高負荷サービスと技術選択

前回の記事に引き続き、シリコンバレーと日本の違いについてYoutubeを見て思ったことを書いていく。


前回は「シリコンバレーは開発速度重視」って観点で考察したが、別の動画を見るとそうでもなさそう。

ただどちらも「負荷次第」って感じのことは言っている。(まぁ当たり前だよね)

規模の違いからくる前提の違い

日本だとシリコンバレーで使われてる言語とか手法とか無条件で信仰しがちだけど、やっぱりその違いは意識しないといけない。

そこで動画内で言っているキーワードとして「シリコンバレーは世界中の人が使うサービスなので」ってのが大きいように感じる。
ユーザの規模感がまず日本とは大きく違うのだろう。

日本でPLGはなぜ少ないのかの記事でも言語圏の規模の違いを理由の1つとして考察したけど、マイクロサービス化したり言語レベルで最適化しないと耐えられないサーバ負荷ってことから逆算するとあながち間違いでもなさそうだ。

負荷的限界と技術選択

で、負荷的限界が迎えたらそれに合わせて技術選択するってのはすごいわかる。
シリコンバレーでいう成功の桁(ユーザ数的な意味で)が日本と違うから、早めにそうした技術選択をするってのもわかる。

ただやっぱり日本でそこまでの負荷のサービスはほぼないのが実情ではあると思う。


というのも最初ソーシャルゲーム会社でキャリアを開始したので、いかにサーバを落とさず処理を続けるかってのとの戦いだった。

そこで10万DAU超がイベント開始と同時に一気にアクセスするような状況で、ユーザも時間との戦いなのでめちゃくちゃ連打する。
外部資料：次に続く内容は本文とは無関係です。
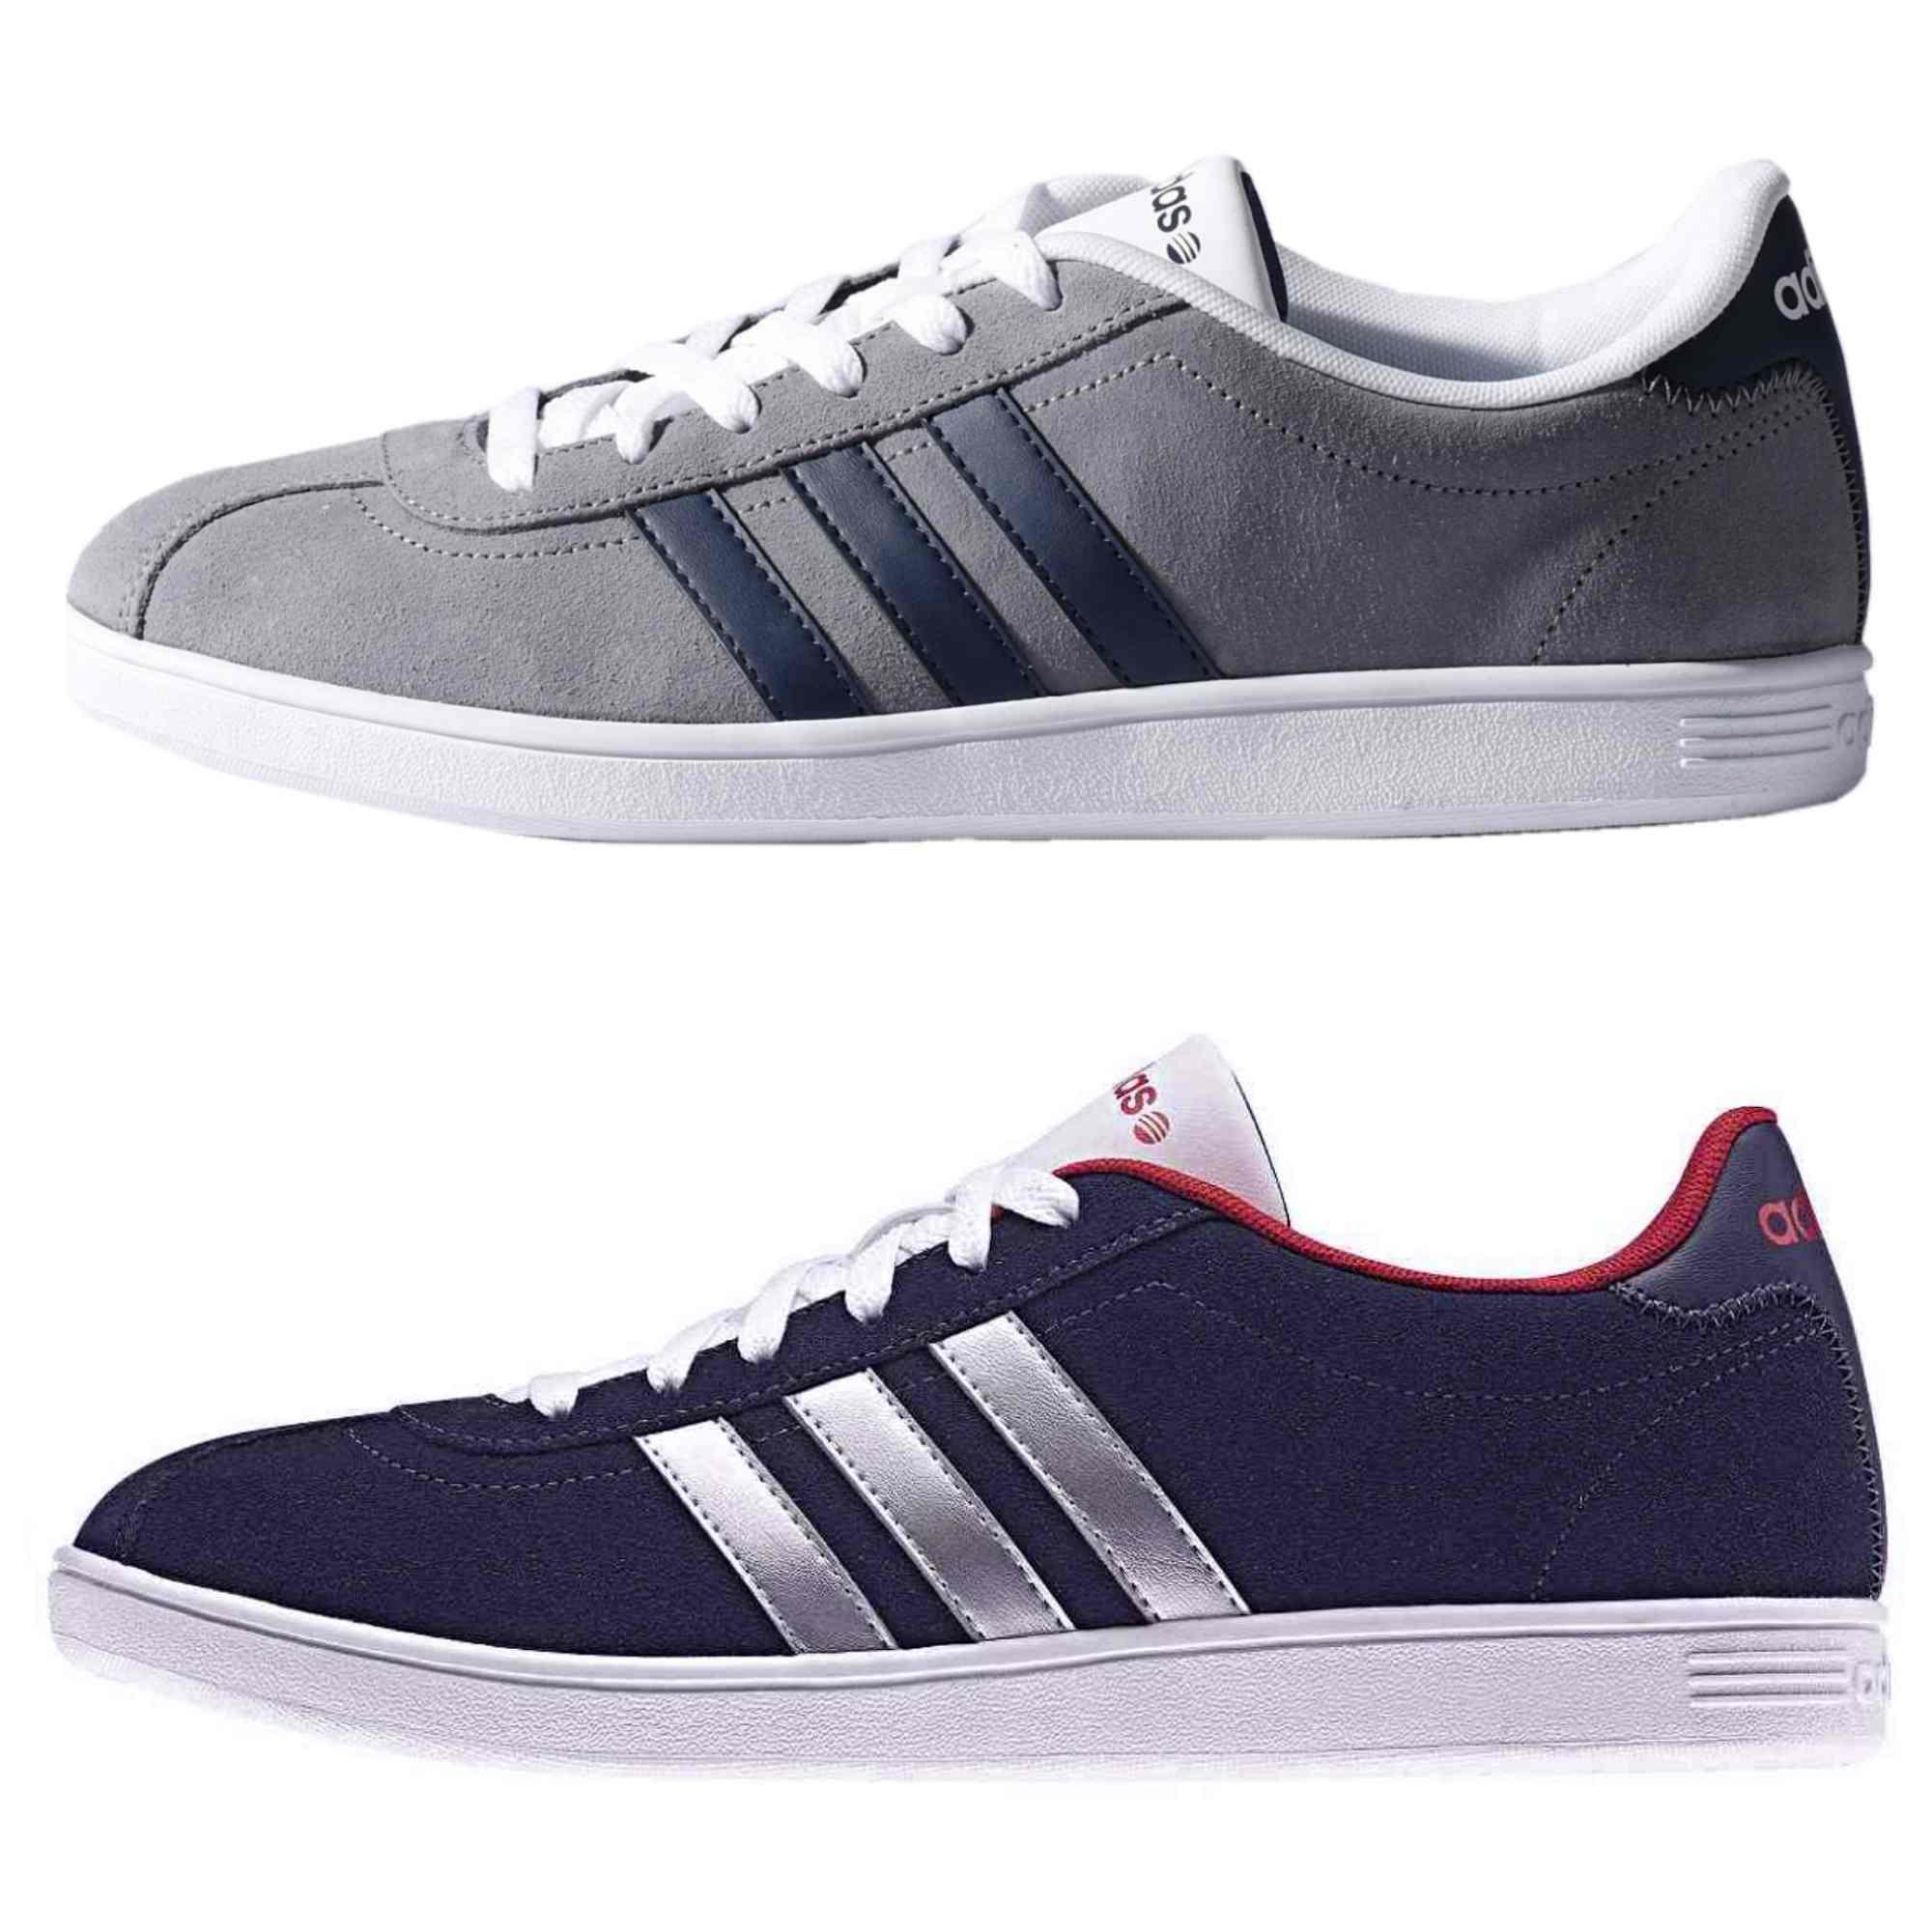 adidas vl court men 39 s sneaker trainer grey or dark blue ebay. Black Bedroom Furniture Sets. Home Design Ideas

つながらなければ尚更連打するので、状況はさらに悪化する。

それこそ「WebサーバのCPU限界きてるけどここでスケールさせても次はDBのWriteが死ぬから一旦Webサーバの台数このままで耐えよう」みたいな戦いだった。


だからこそそれ以降のキャリアで色々なサービス見る中で、「DB1台しか動いてないのか!?」「Index効いてなくてフルスキャンしてるけど全く問題ないのか!?」と驚かされた。

そして、そんな段階で大規模サービスがやるような高負荷を捌くためのアーキテクチャをやることに違和感があった。

そもそも負荷的限界がわからない?

ってのもあったんだけど、改めて考えると高負荷サービスを経験している人が少なくて、そもそも負荷的限界の肌感覚がわからないのかもしれない。

実際にサーバが落ちたときも、アプリケーションエンジニアで見れる人は少なくインフラエンジニアに完全に任せるところが多い。
「速度上げたい=スケールアップしましょう」ってなったり、話しても「メモリって何?」「CPUって何?」って感じだったりする。

となるとそもそもどんくらいの規模感でサーバ1台だと限界が来るのか。どんくらいから言語的に限界なのか、みたいなところも感覚として持つことはできない。

その気持ちになってみると、技術選択の話で『開発効率は落ちますが負荷分散できます』みたいなトレードオフを適切に判断するのはきついよなぁと思わされる。
コップにどこまで水を入れたらこぼれるかの経験がないのに、「水を足すか足さないか」の意思決定をされるとしたら、そりゃあ安全めに倒したくなる。

おわりに

日本は高負荷サービスなくてあんまり当時の経験活かされることないなぁと思っていたが、実はこうした肌感覚を持てるだけでだいぶ活かされてきたのかもしれない。


というのと、やっぱり本を読んだり手法を学んだりしても結局その前提がわかってないと難しいよなぁとも感じた。

たとえば別の動画で「シリコンバレーは解雇や減給いくらでもできるから部下のモチベーション管理なんてせずやる気ない人は切る」って話してて、まさにこれもそうだ。

これ無視して「シリコンバレーはモチベーション管理しません!」って部分だけ切り取って真似しても成功しないので、ちゃんと背景を理解するのは改めて大切だなと。